Wednesday, October 9, 2019

Malasanità: Something Rotten in the State of Italian Health Care?

Newspaper headline: “Malasanità: Wrong Diagnosis, Woman Dies.” One day in the ‘90s a young woman stumbled into an Italian emergency room talking strangely. Seeing her age and her blue jeans, the ER docs took her for a drug addict in withdrawal. Hours later it occurred to someone to take a look at her brain, but the CAT scan machine was on the fritz. It was too much trouble to transfer her to another hospital, so they parked her in a ward bed for the night. She died before dawn, from a ruptured cerebral aneurysm.

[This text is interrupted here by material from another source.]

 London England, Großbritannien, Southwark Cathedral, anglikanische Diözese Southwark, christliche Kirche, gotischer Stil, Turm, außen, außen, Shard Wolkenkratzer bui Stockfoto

For most of my years in Italy malasanità was a regular feature on the front page. The term encompasses malpractice, but it’s used more for something broader: what Italians think of as a chronic sickness of the health care system itself.

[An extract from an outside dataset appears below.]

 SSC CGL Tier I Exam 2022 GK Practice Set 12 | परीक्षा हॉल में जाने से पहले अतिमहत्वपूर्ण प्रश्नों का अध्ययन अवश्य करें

Italians tell pollsters they trust and appreciate nurses and physicians. Seeing poor medical outcomes they tend to put all the blame on disorganization, lack of money, and governmental indifference. Of course that argument has a lot going for it, in that public hospitals are sadly short of personnel, equipment, maintenance, and supplies. But I confess as a physician what I find more unnerving is the rôle of professional unevenness, the way Italian doctors here can range, apparently at random, from genius to ignoramus. When one of my patients tragically lost a baby at term you could call it malasanità, since she was shunted from one hospital to another before a Caesarian-section was done, too late. For me, though, the real culprit was the bigwig hospital obstetrician who – I learned later – had seen her regularly throughout the pregnancy without once weighing her, measuring the size of her uterus, or taking her blood pressure.
Lately malasanità has drifted to the back pages. Since the austerity forced by the European Union in the last decade, which cruelly punishes sick Italians for the fiscal sins of their governments, wards are down to half their former staffing, whole hospitals have been shuttered, people are skipping specialist visits and diagnostic tests because of higher co-pays, and waiting lists on the public system (several months for a non-emergency sonogram) make the infamous Veterans Administration look speedy. Medical errors seem relatively trivial when you can’t see a doctor at all.